## Problem to solve
Send back every record exactly.

## Given records
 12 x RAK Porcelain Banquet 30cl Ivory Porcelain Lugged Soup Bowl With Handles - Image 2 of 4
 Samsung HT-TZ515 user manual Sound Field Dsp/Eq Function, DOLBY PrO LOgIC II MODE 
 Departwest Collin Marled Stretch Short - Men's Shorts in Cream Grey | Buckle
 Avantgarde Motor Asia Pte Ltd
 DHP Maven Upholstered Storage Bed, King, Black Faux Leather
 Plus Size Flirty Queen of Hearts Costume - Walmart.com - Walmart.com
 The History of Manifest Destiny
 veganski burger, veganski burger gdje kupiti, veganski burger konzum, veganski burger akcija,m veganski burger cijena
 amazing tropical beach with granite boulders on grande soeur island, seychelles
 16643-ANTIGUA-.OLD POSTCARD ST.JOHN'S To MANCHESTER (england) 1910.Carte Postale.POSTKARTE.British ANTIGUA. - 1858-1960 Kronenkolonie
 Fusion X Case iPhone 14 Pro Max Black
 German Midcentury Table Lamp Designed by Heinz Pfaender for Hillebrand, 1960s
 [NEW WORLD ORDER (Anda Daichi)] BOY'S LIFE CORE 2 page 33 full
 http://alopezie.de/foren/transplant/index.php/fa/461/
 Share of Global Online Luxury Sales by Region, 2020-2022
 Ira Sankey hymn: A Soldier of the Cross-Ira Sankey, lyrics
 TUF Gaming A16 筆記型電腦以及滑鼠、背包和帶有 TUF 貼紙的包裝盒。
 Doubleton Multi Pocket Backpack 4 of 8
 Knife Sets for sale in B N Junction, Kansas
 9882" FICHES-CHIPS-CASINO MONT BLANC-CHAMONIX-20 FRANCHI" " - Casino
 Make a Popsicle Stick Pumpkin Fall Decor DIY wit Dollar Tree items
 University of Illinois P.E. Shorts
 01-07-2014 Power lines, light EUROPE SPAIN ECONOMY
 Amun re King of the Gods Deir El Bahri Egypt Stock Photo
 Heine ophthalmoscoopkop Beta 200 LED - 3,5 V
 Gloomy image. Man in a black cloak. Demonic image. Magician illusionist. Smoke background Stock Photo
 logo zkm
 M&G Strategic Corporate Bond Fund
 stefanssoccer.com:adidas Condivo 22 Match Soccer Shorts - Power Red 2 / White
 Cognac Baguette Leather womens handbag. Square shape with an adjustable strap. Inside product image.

## Task output
 12 x RAK Porcelain Banquet 30cl Ivory Porcelain Lugged Soup Bowl With Handles - Image 2 of 4
 Samsung HT-TZ515 user manual Sound Field Dsp/Eq Function, DOLBY PrO LOgIC II MODE 
 Departwest Collin Marled Stretch Short - Men's Shorts in Cream Grey | Buckle
 Avantgarde Motor Asia Pte Ltd
 DHP Maven Upholstered Storage Bed, King, Black Faux Leather
 Plus Size Flirty Queen of Hearts Costume - Walmart.com - Walmart.com
 The History of Manifest Destiny
 veganski burger, veganski burger gdje kupiti, veganski burger konzum, veganski burger akcija,m veganski burger cijena
 amazing tropical beach with granite boulders on grande soeur island, seychelles
 16643-ANTIGUA-.OLD POSTCARD ST.JOHN'S To MANCHESTER (england) 1910.Carte Postale.POSTKARTE.British ANTIGUA. - 1858-1960 Kronenkolonie
 Fusion X Case iPhone 14 Pro Max Black
 German Midcentury Table Lamp Designed by Heinz Pfaender for Hillebrand, 1960s
 [NEW WORLD ORDER (Anda Daichi)] BOY'S LIFE CORE 2 page 33 full
 http://alopezie.de/foren/transplant/index.php/fa/461/
 Share of Global Online Luxury Sales by Region, 2020-2022
 Ira Sankey hymn: A Soldier of the Cross-Ira Sankey, lyrics
 TUF Gaming A16 筆記型電腦以及滑鼠、背包和帶有 TUF 貼紙的包裝盒。
 Doubleton Multi Pocket Backpack 4 of 8
 Knife Sets for sale in B N Junction, Kansas
 9882" FICHES-CHIPS-CASINO MONT BLANC-CHAMONIX-20 FRANCHI" " - Casino
 Make a Popsicle Stick Pumpkin Fall Decor DIY wit Dollar Tree items
 University of Illinois P.E. Shorts
 01-07-2014 Power lines, light EUROPE SPAIN ECONOMY
 Amun re King of the Gods Deir El Bahri Egypt Stock Photo
 Heine ophthalmoscoopkop Beta 200 LED - 3,5 V
 Gloomy image. Man in a black cloak. Demonic image. Magician illusionist. Smoke background Stock Photo
 logo zkm
 M&G Strategic Corporate Bond Fund
 stefanssoccer.com:adidas Condivo 22 Match Soccer Shorts - Power Red 2 / White
 Cognac Baguette Leather womens handbag. Square shape with an adjustable strap. Inside product image.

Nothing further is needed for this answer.